### Work request
Below are several records. Retype exactly those lines running from the one with "Page 3 of manga Eri-chan wa Netoritai!" through the one with "Handloom pochampally ikat", end lines included, and no others.

### Records drawn from a dataset
┌──
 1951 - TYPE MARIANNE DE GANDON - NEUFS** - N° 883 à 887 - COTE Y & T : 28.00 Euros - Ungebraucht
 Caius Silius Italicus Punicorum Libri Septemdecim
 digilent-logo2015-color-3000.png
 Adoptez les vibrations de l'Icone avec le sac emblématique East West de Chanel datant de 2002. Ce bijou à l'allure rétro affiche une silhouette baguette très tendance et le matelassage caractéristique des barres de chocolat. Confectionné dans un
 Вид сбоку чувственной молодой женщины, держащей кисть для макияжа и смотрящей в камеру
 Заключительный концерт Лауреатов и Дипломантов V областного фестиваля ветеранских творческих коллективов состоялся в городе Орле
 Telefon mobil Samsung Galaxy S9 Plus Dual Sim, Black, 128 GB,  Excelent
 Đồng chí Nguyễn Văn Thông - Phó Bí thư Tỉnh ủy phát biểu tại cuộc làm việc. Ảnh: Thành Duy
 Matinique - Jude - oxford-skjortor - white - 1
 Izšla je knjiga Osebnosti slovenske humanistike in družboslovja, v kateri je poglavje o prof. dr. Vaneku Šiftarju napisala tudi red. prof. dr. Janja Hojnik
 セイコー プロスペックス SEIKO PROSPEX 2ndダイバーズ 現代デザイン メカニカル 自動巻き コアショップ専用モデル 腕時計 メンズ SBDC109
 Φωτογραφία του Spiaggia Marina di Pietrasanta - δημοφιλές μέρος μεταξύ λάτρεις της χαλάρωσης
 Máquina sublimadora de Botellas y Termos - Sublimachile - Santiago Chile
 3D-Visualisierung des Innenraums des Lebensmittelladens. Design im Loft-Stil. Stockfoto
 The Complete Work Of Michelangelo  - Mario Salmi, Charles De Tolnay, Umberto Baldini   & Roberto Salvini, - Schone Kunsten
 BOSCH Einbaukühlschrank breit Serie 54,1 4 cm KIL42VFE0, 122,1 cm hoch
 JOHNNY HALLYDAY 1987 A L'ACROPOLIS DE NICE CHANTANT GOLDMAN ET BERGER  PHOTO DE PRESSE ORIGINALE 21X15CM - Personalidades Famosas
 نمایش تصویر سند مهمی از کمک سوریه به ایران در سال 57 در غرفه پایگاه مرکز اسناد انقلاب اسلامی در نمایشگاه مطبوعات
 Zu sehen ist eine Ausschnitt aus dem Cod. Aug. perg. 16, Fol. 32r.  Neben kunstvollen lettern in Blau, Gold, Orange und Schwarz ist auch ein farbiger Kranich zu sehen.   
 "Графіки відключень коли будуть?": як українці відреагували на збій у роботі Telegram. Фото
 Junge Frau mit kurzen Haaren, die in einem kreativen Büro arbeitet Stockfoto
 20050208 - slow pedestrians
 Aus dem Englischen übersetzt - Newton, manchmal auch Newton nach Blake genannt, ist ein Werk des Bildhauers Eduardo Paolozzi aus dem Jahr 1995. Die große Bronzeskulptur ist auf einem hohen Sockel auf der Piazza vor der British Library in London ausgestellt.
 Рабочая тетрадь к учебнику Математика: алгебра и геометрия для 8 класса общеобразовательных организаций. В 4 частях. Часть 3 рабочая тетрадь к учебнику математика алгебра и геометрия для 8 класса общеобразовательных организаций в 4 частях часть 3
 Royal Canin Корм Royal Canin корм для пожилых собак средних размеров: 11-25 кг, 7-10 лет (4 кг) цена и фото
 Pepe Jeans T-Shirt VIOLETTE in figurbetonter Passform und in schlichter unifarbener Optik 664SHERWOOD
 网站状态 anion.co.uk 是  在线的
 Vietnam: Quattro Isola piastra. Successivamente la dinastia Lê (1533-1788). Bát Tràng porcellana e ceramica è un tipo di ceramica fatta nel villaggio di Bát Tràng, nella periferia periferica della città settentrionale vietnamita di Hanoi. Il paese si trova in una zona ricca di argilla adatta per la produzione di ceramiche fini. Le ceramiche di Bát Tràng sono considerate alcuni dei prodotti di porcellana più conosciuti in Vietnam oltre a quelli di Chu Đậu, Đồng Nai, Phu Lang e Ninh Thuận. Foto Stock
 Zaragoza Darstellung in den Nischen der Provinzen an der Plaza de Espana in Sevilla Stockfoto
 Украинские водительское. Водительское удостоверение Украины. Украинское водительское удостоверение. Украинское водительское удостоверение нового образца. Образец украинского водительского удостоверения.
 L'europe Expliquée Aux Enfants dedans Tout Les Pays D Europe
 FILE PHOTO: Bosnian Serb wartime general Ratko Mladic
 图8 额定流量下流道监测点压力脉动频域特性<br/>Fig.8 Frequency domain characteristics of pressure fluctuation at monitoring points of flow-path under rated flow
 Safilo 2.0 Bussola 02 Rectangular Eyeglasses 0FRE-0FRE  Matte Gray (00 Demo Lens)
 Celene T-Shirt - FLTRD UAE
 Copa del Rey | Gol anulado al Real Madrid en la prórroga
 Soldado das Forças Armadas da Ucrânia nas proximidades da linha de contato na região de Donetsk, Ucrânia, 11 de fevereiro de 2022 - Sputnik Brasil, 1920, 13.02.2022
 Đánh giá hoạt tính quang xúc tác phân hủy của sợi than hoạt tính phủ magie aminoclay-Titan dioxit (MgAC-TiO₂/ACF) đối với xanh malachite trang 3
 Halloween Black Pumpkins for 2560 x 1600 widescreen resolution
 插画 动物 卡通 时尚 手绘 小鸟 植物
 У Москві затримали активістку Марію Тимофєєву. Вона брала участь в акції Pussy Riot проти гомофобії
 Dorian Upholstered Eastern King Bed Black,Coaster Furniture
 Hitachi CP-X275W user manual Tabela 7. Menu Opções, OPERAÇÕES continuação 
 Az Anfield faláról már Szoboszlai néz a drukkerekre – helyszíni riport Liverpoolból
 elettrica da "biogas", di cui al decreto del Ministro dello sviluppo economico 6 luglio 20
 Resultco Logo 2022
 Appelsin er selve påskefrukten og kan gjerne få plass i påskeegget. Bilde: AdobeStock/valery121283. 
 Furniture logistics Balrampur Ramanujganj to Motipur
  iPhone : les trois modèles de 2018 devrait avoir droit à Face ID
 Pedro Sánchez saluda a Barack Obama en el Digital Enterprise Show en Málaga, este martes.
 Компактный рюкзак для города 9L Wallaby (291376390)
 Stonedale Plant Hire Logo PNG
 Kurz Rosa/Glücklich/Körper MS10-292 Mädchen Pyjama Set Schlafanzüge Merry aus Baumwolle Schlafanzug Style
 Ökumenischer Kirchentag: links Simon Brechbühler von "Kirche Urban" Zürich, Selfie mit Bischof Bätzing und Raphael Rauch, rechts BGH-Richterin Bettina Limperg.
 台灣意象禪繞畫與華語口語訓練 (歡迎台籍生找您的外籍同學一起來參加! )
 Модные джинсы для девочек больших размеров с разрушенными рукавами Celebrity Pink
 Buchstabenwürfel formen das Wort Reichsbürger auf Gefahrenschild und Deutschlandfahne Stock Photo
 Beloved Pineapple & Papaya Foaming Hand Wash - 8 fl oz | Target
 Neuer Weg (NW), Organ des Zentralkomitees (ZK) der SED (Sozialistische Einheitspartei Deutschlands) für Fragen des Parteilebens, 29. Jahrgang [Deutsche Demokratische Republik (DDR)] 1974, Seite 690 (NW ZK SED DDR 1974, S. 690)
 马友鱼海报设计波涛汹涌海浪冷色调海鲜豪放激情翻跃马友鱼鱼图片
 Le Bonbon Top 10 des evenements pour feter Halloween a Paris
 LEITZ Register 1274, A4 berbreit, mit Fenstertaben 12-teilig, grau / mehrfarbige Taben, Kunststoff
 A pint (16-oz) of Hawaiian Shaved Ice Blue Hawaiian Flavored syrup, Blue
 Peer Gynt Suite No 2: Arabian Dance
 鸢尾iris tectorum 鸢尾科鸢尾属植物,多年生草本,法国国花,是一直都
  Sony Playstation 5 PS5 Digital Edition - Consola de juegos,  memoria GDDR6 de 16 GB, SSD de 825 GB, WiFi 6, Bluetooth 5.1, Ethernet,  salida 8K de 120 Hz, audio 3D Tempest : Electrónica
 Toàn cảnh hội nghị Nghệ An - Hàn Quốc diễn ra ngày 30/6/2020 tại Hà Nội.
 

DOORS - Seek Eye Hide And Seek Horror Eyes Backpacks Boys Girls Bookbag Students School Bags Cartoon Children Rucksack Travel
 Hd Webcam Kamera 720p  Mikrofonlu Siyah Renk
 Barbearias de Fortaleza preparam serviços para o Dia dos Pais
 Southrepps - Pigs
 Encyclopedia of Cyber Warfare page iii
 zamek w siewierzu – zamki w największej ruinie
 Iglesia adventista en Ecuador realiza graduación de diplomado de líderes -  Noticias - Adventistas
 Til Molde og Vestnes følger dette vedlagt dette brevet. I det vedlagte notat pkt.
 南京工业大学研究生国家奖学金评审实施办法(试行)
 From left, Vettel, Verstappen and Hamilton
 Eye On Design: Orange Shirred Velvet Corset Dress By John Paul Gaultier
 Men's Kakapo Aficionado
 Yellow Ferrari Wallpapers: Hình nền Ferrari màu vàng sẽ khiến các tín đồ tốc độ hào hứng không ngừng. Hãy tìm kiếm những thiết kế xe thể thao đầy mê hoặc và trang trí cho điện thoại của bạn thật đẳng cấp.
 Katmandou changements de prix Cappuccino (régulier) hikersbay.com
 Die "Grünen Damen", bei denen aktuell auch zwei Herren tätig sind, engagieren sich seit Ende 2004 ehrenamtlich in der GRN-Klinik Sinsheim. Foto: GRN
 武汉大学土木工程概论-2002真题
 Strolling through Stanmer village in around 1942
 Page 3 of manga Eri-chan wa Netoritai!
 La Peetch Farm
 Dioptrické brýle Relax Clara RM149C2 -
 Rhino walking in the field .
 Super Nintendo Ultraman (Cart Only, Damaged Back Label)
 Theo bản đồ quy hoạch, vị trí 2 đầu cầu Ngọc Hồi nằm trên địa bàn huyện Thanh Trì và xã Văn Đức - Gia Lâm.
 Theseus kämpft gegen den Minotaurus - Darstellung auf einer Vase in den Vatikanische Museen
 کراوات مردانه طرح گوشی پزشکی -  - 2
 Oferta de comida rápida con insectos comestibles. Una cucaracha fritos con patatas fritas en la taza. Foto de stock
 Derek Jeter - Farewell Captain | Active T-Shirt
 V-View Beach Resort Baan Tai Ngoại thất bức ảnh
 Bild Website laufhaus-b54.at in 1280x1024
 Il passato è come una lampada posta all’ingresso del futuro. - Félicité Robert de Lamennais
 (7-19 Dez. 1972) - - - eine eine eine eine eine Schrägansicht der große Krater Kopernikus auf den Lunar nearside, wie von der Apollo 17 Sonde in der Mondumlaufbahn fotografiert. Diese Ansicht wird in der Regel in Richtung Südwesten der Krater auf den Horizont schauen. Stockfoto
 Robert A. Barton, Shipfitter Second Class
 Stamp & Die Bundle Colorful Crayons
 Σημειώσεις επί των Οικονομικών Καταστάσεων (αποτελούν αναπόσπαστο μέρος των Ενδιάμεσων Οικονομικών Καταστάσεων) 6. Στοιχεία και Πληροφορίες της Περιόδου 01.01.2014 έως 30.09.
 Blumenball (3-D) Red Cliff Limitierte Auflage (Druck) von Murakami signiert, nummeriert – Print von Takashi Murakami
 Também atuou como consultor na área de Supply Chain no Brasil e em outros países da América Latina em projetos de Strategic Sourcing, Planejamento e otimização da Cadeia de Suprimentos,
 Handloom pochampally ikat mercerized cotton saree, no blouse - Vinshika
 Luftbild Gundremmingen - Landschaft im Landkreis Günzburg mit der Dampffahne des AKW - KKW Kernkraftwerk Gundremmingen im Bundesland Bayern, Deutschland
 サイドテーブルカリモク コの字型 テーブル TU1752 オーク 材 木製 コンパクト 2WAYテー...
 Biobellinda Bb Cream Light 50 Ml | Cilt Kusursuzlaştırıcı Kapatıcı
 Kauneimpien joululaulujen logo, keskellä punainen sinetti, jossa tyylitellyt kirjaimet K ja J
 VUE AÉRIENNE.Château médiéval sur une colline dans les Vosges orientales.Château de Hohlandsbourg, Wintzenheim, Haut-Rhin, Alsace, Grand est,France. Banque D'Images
└──
### Finished exercise
 Page 3 of manga Eri-chan wa Netoritai!
 La Peetch Farm
 Dioptrické brýle Relax Clara RM149C2 -
 Rhino walking in the field .
 Super Nintendo Ultraman (Cart Only, Damaged Back Label)
 Theo bản đồ quy hoạch, vị trí 2 đầu cầu Ngọc Hồi nằm trên địa bàn huyện Thanh Trì và xã Văn Đức - Gia Lâm.
 Theseus kämpft gegen den Minotaurus - Darstellung auf einer Vase in den Vatikanische Museen
 کراوات مردانه طرح گوشی پزشکی -  - 2
 Oferta de comida rápida con insectos comestibles. Una cucaracha fritos con patatas fritas en la taza. Foto de stock
 Derek Jeter - Farewell Captain | Active T-Shirt
 V-View Beach Resort Baan Tai Ngoại thất bức ảnh
 Bild Website laufhaus-b54.at in 1280x1024
 Il passato è come una lampada posta all’ingresso del futuro. - Félicité Robert de Lamennais
 (7-19 Dez. 1972) - - - eine eine eine eine eine Schrägansicht der große Krater Kopernikus auf den Lunar nearside, wie von der Apollo 17 Sonde in der Mondumlaufbahn fotografiert. Diese Ansicht wird in der Regel in Richtung Südwesten der Krater auf den Horizont schauen. Stockfoto
 Robert A. Barton, Shipfitter Second Class
 Stamp & Die Bundle Colorful Crayons
 Σημειώσεις επί των Οικονομικών Καταστάσεων (αποτελούν αναπόσπαστο μέρος των Ενδιάμεσων Οικονομικών Καταστάσεων) 6. Στοιχεία και Πληροφορίες της Περιόδου 01.01.2014 έως 30.09.
 Blumenball (3-D) Red Cliff Limitierte Auflage (Druck) von Murakami signiert, nummeriert – Print von Takashi Murakami
 Também atuou como consultor na área de Supply Chain no Brasil e em outros países da América Latina em projetos de Strategic Sourcing, Planejamento e otimização da Cadeia de Suprimentos,
 Handloom pochampally ikat mercerized cotton saree, no blouse - Vinshika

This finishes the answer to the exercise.